Corrigindo tudo de uma vez com o Matomo Heatmap Helper

Na prática, a maioria dos sites tem vários desses problemas ao mesmo tempo. Resolver tudo na mão significa mexer em configuração de CDN, reescrever URLs, refatorar CSS e escrever scripts de captura customizados.

O Matomo Heatmap Helper é uma extensão gratuita e open source pra Chrome e Firefox que lida com todos esses problemas. Código-fonte no GitHub.

Na prática funciona assim: você instala a extensão, coloca sua URL do Matomo e token de API, e escolhe quais sites ativar. Nas páginas correspondentes, aparece uma barra de ferramentas. Clica em "Interactive" e vai clicando nos elementos que precisam de correção: containers com scroll, headers sticky, seções com imagens faltando. Cada um recebe um ícone de cadeado indicando que vai ser processado.

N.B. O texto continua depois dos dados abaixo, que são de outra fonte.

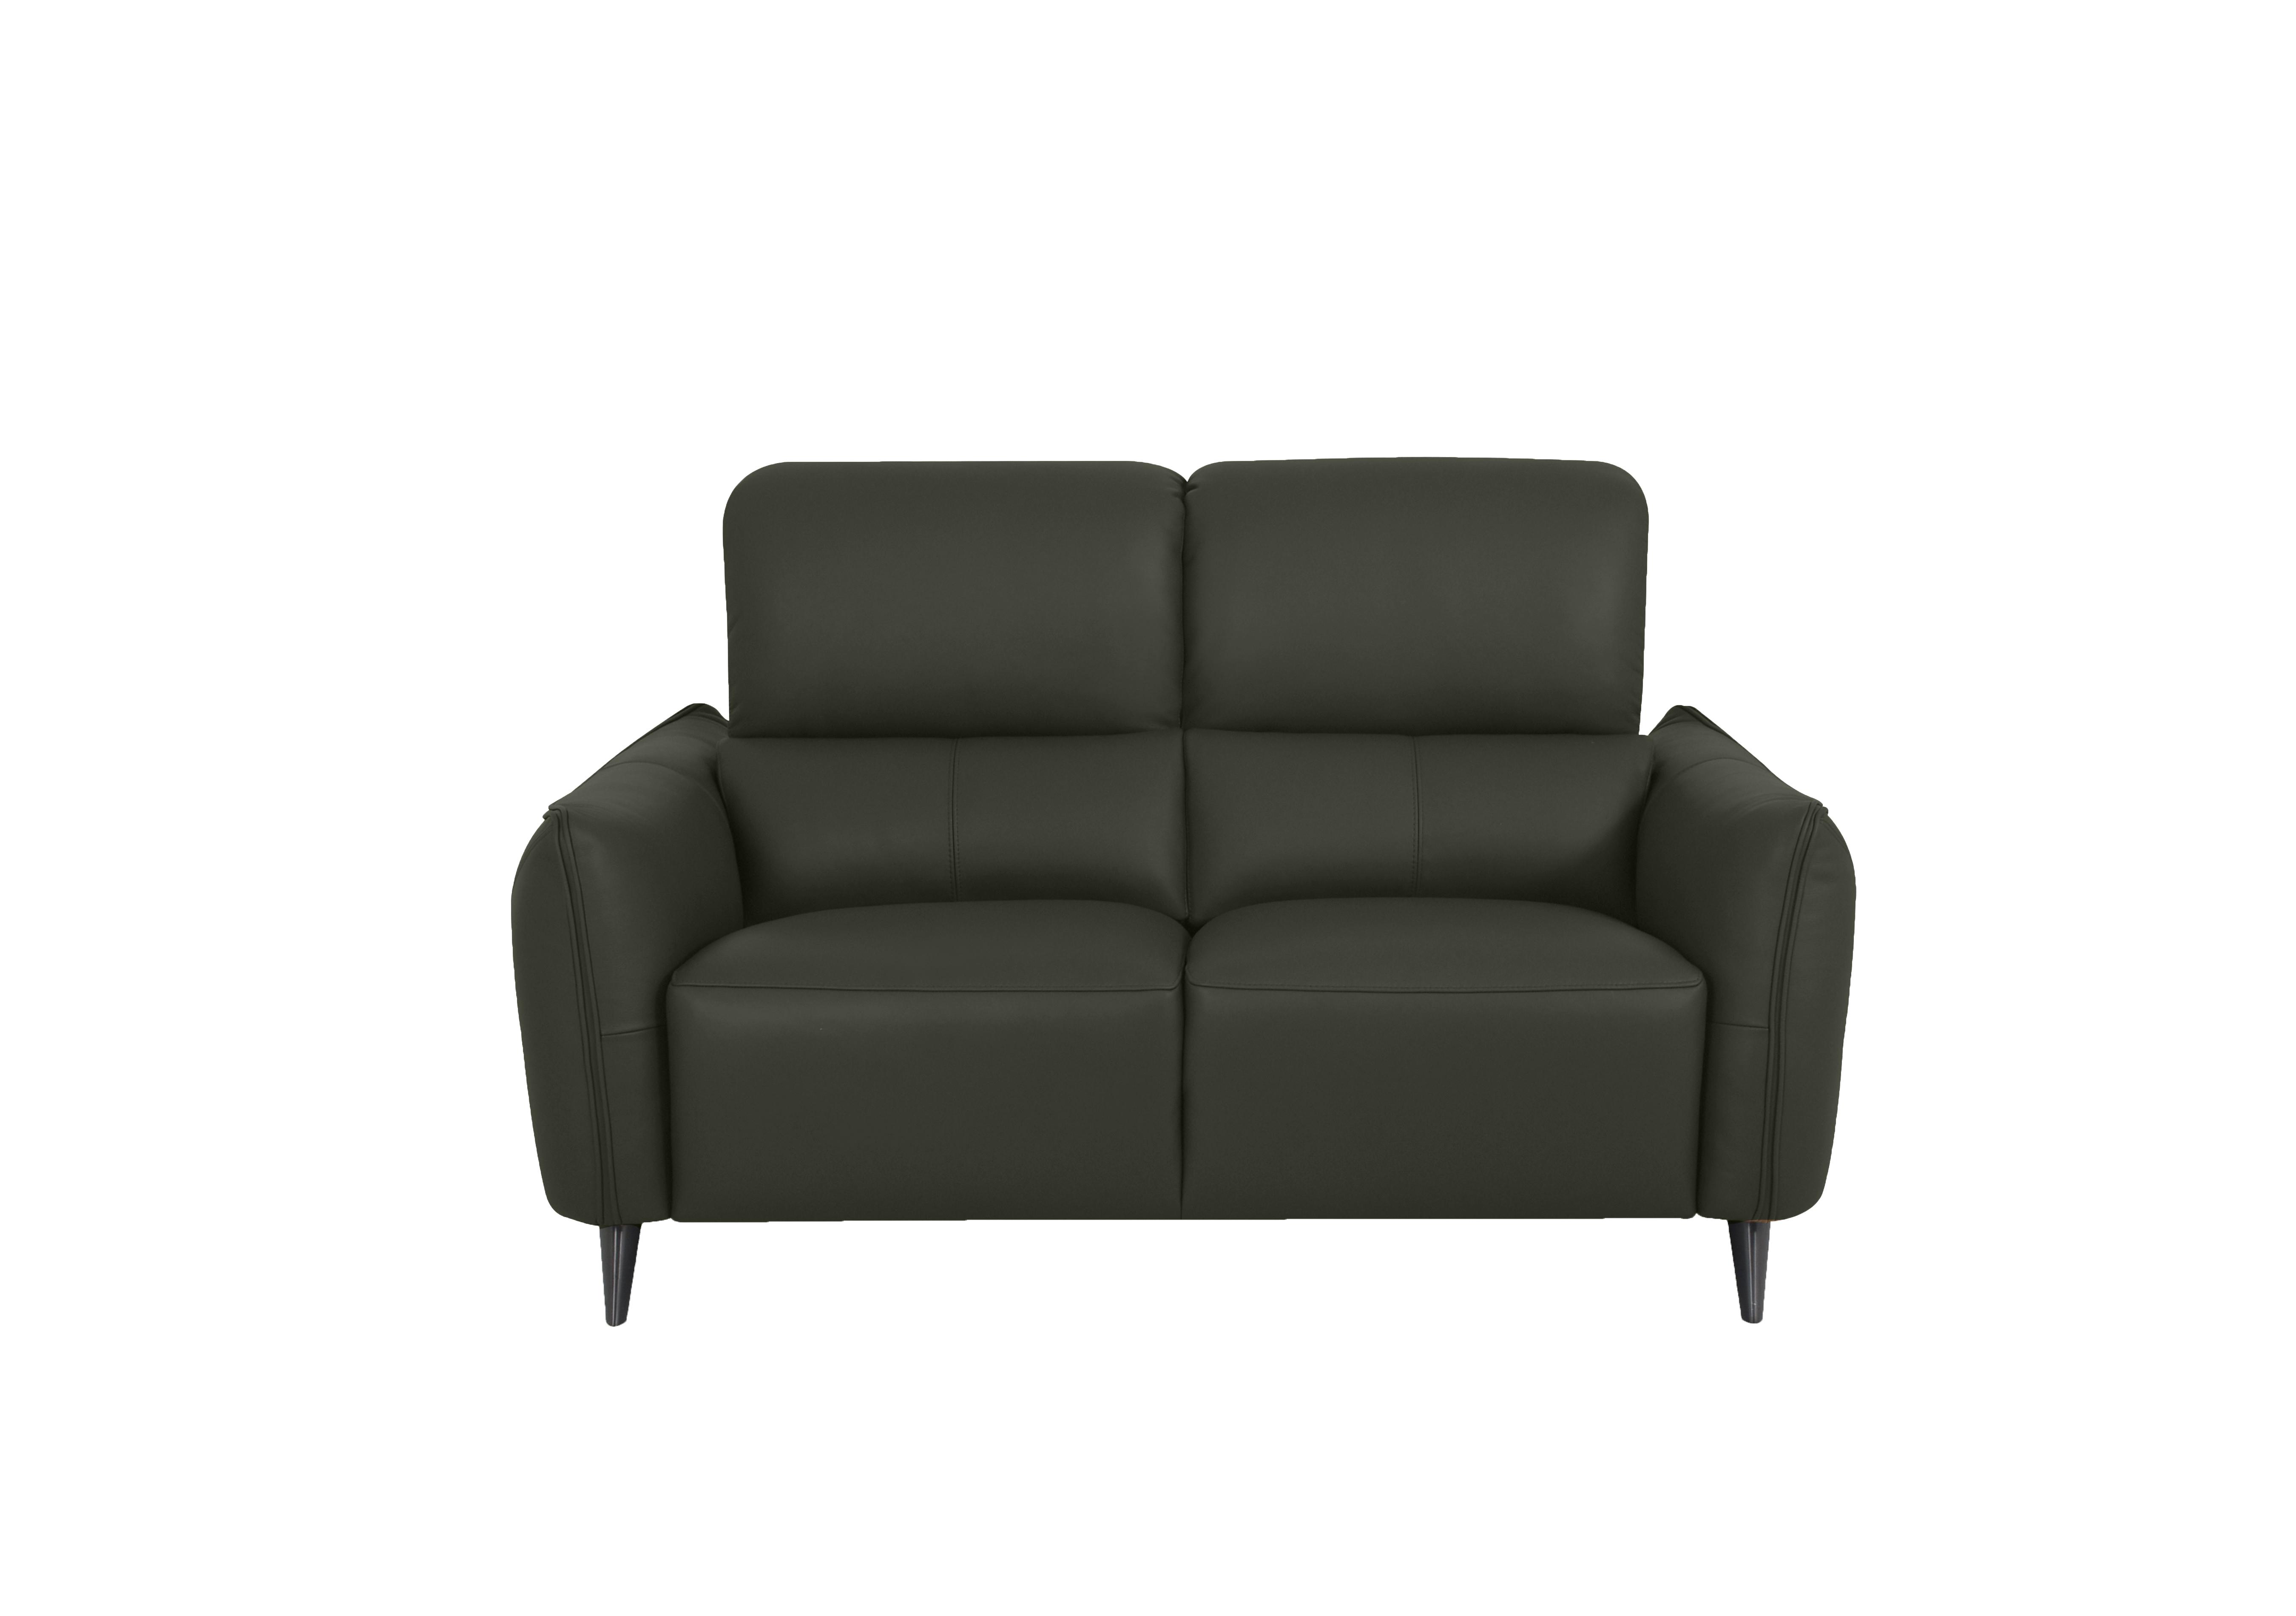 Maddox 2 Seater Leather Sofa in Nn-570e Olive Green on Furniture Village

Quando você aperta o botão de captura, a extensão roda uma sequência. Primeiro busca e embute imagens e fontes cross-origin, depois expande os elementos restritos e tira o posicionamento sticky dos headers, trata iframes e vídeos, converte URLs relativas pra absolutas e dispara a API de captura do Matomo. Depois da captura, cada alteração é revertida e a página volta ao estado original.

Antes de tirar a captura

Checklist rápido:

  1. Confira se a página renderizou por completo, principalmente conteúdo SPA e seções com carregamento lazy
  2. Trave containers que cortam conteúdo ou que precisam de expansão
  3. Veja se tem algum header sticky ou fixed que possa sobrepor o conteúdo
  4. Confirme que suas imagens e fontes principais estão aparecendo
  5. Tire a captura e confirme que a verificação passou
  6. Abra a visualização do heatmap e confira o resultado antes de começar a análise

Dois caminhos

Esses problemas de captura de tela não são bugs do seu site. São efeitos colaterais de o Matomo serializar a página e re-renderizar em outro lugar. Qualquer site que use CDNs, web fonts, containers com scroll ou headers sticky vai esbarrar em alguma combinação deles.

Dá pra corrigir cada problema no nível de infraestrutura: adicionar cabeçalhos CORS, usar URLs absolutas, refatorar containers com overflow, alternar o posicionamento sticky durante a captura. Essa é a abordagem certa a longo prazo se você tem controle sobre o servidor, mas leva tempo e alguns problemas não têm solução limpa no lado do servidor.

Ou dá pra resolver na hora da captura com o Matomo Heatmap Helper. Use o modo interativo pra indicar quais partes da página precisam de ajuda e tenha capturas de tela limpas sem mexer no código de produção.